== Data ==
■ ■ ■ ■
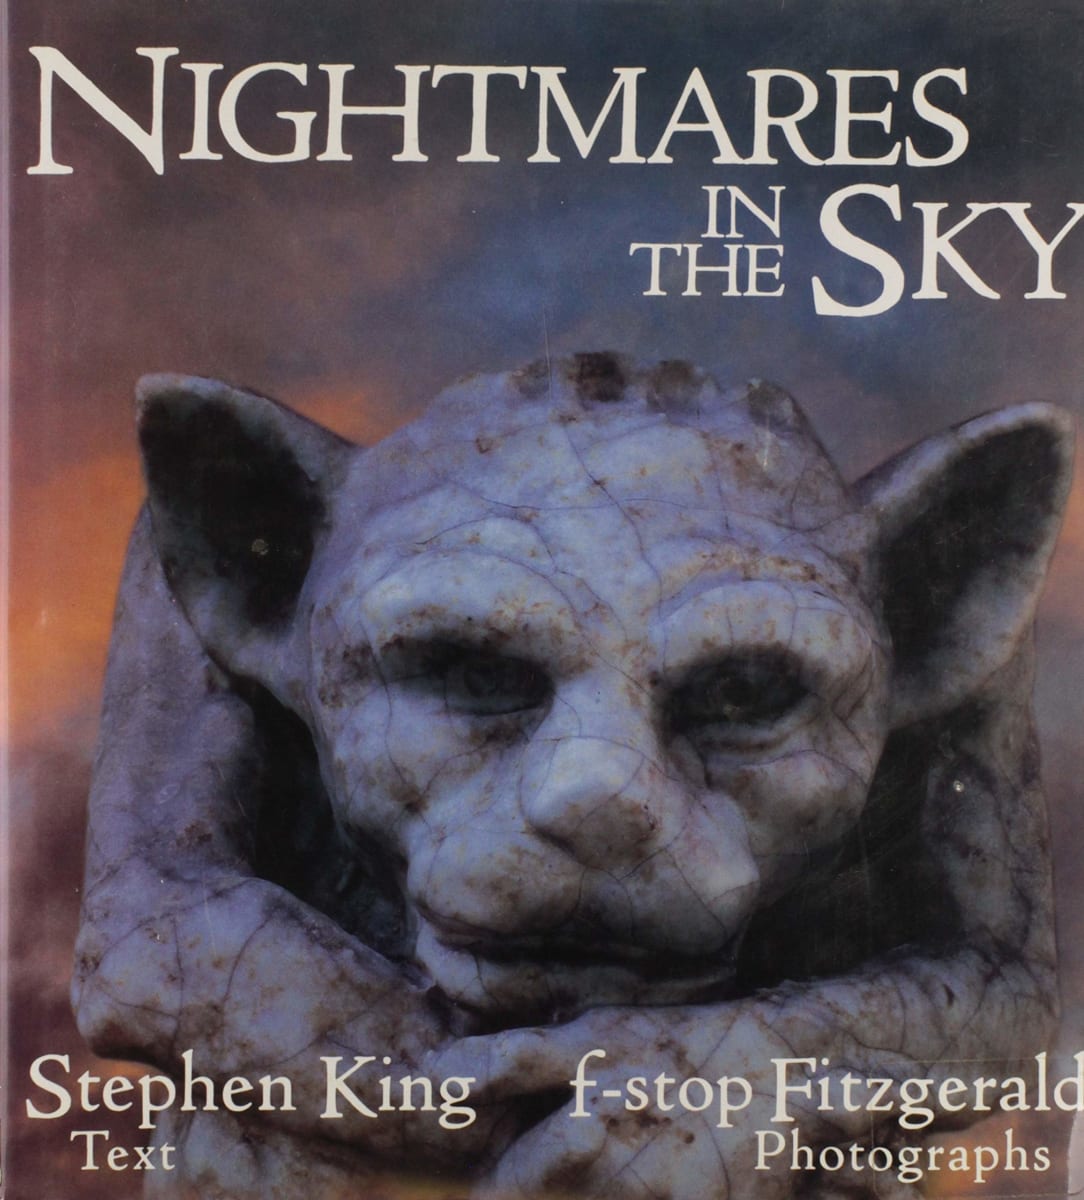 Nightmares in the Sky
■ ■ ■ ■
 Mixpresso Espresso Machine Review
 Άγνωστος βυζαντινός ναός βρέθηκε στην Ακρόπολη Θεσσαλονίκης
■ ■ ■ ■
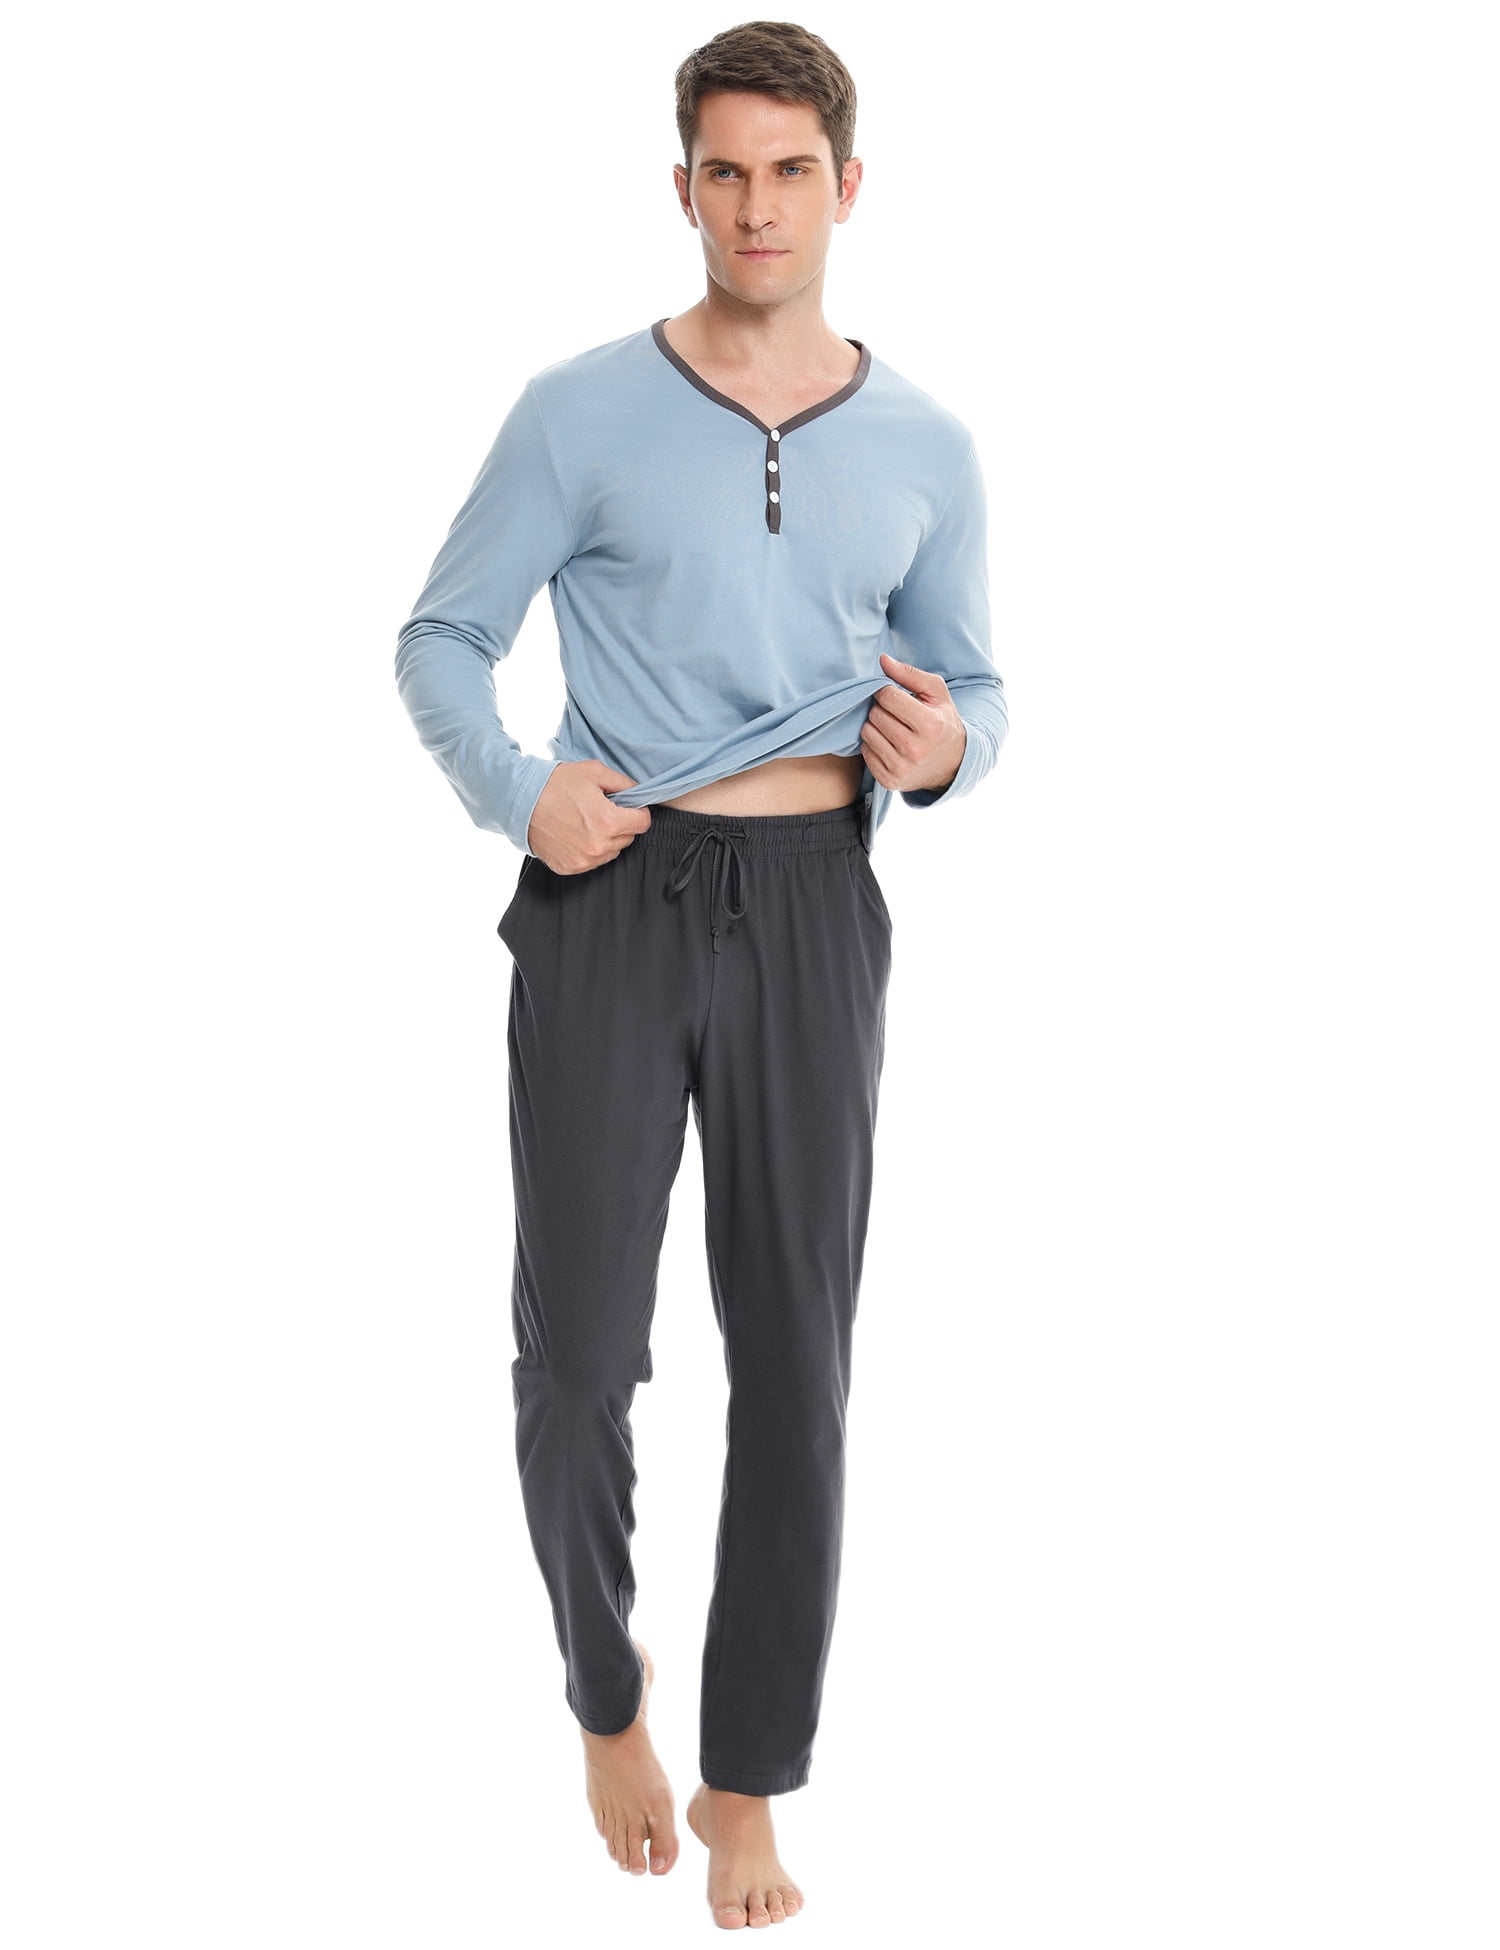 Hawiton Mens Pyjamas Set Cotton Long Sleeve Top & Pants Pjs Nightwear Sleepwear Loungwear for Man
■ ■ ■ ■
== Problem statement ==
Above are the records. Copy the lines beginning at the one that has "Mixpresso Espresso Machine Review" and ending with the one that has "Άγνωστος βυζαντινός ναός", unchanged.

== Solution to this task ==
 Mixpresso Espresso Machine Review
 Άγνωστος βυζαντινός ναός βρέθηκε στην Ακρόπολη Θεσσαλονίκης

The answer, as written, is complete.